On isomorphisms of crystallographic groups in the pseudo-Euclidean space \(\mathbb{R}^{3,3}\)
V. Churkin
A crystallographic group is a subgroup \(G\) of the motion group of the pseudo-Euclidean space \(\mathbb{R}^{p,q}\) such that the set \(Z\) of all translations in \(G\) is a lattice, i.e. is generated by the translations by vectors of a fixed basis of the space. The factor group \(G/Z\) is isomorphic to a subgroup of the pseudo-orthogonal group \(O_{p,q}(\mathbb{R})\).
In the case of Euclidean spaces, according to Bieberbach's theorem, any isomorphism of crystallographic groups is affine, and an automorphism is induced by a linear transformation of the space. In pseudo-Euclidean spaces, this is not true, in general. If \(\min\{p,q\}\geqslant 3\) then there are crystallographic groups with nonstandard nonlinear automorphisms [1]. These groups contain subgroups that are distinct from the translation lattice, but become translation lattices in other realizations of the group as a crystallographic group. We call these subgroups abstract lattices.
How many abstract lattices can a crystallographic group contain?
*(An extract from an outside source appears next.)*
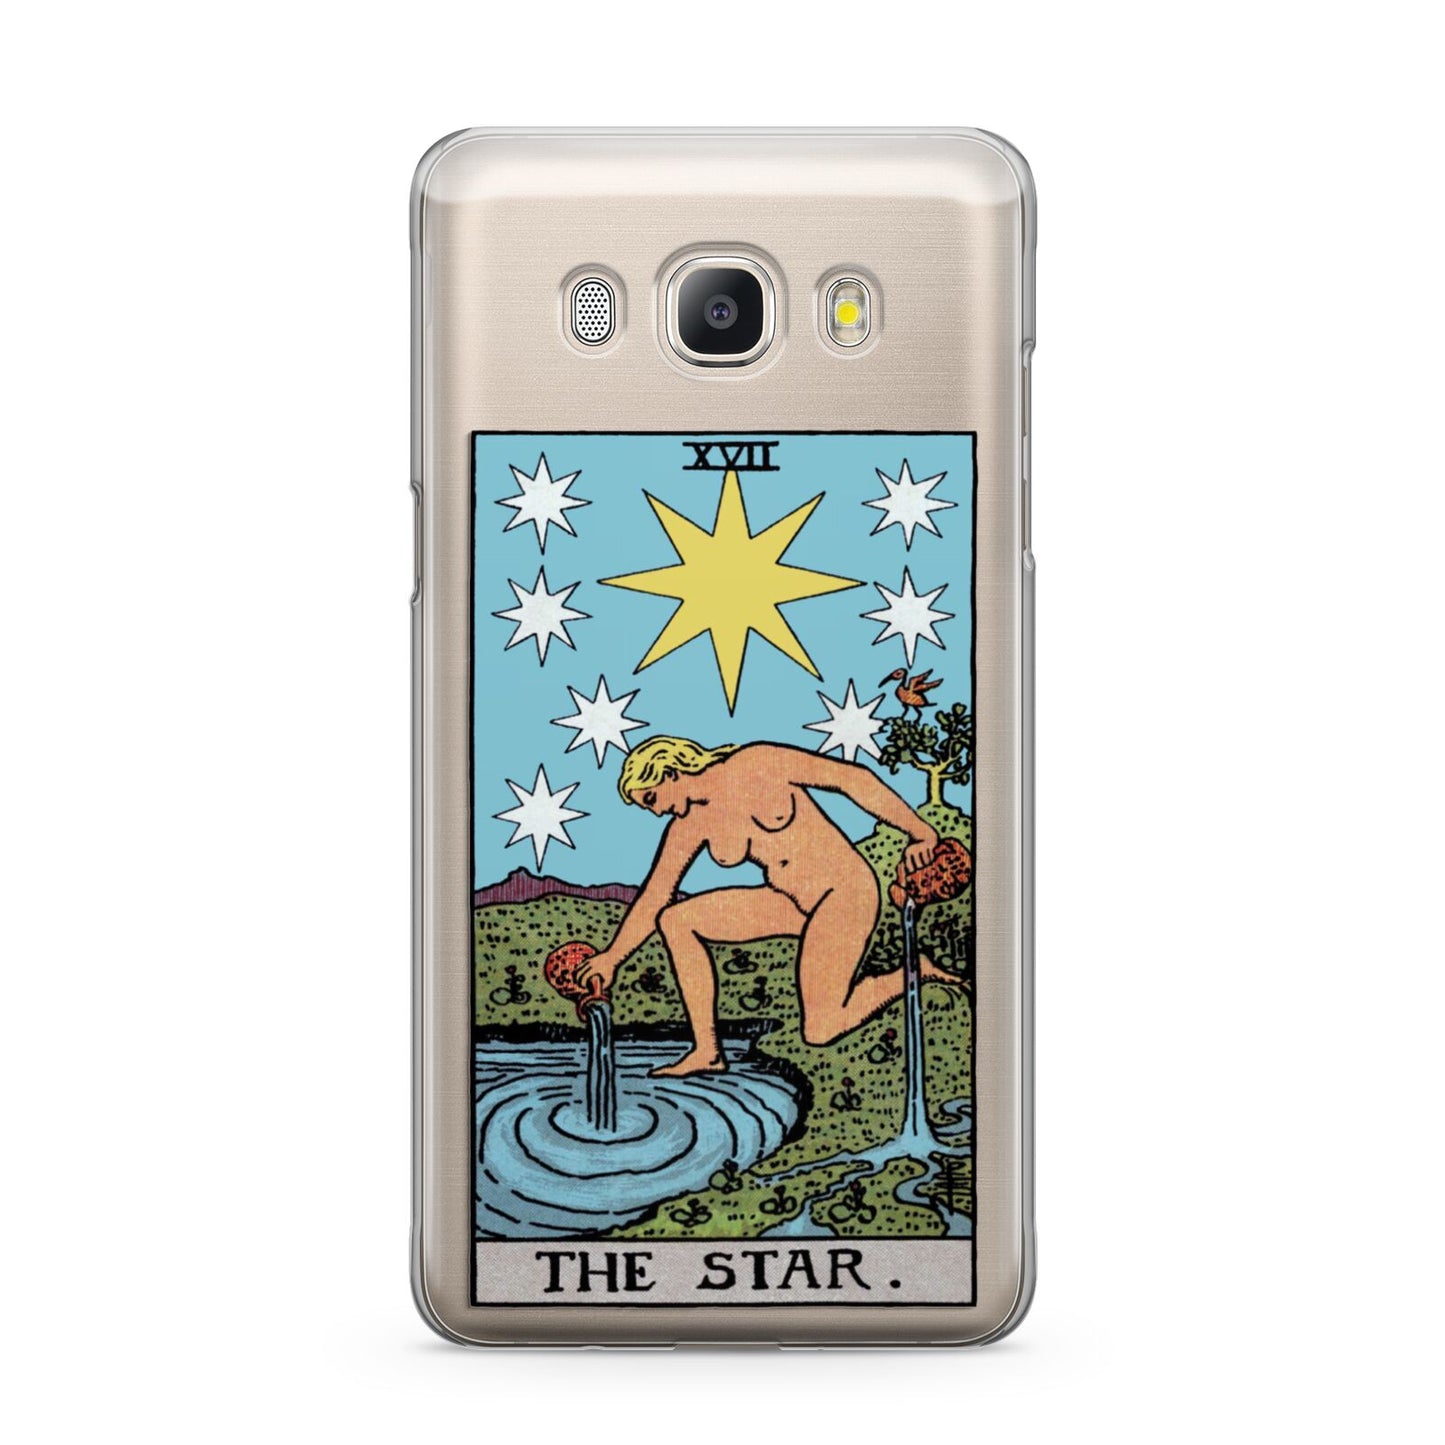 The Star Tarot Card Samsung Galaxy J5 2016 Case

This problem is solved for \(p=q=3\).
Theorem. A crystallographic group \(G\) in the pseudo-Euclidean space \(\mathbb{R}^{3,3}\) can contain only one, two, or three abstract lattices and no more than two nonstandard automorphisms modulo the subgroup of linear automorphisms.
The subgroup \(N\) of \(G\) generated by all abstract lattices is nilpotent of class one, two, or three. If the upper and lower series of \(N\) coincide then \(N\) is defined uniquely up to isomorphism.
The factor group \(G/N\) is respectively isomorphic to a subgroup of \(O_{p,q}(\mathbb{Z})\), \(SL_3(\mathbb{Z})\), or \(SL_2(\mathbb{Z})\) and may coincide with them.
References
V. A. Churkin, The weak Bieberbach theorem for crystallographic groups on pseudo-Euclidean spaces, Sib. Math. J., 51, N3 (2010), 557–568.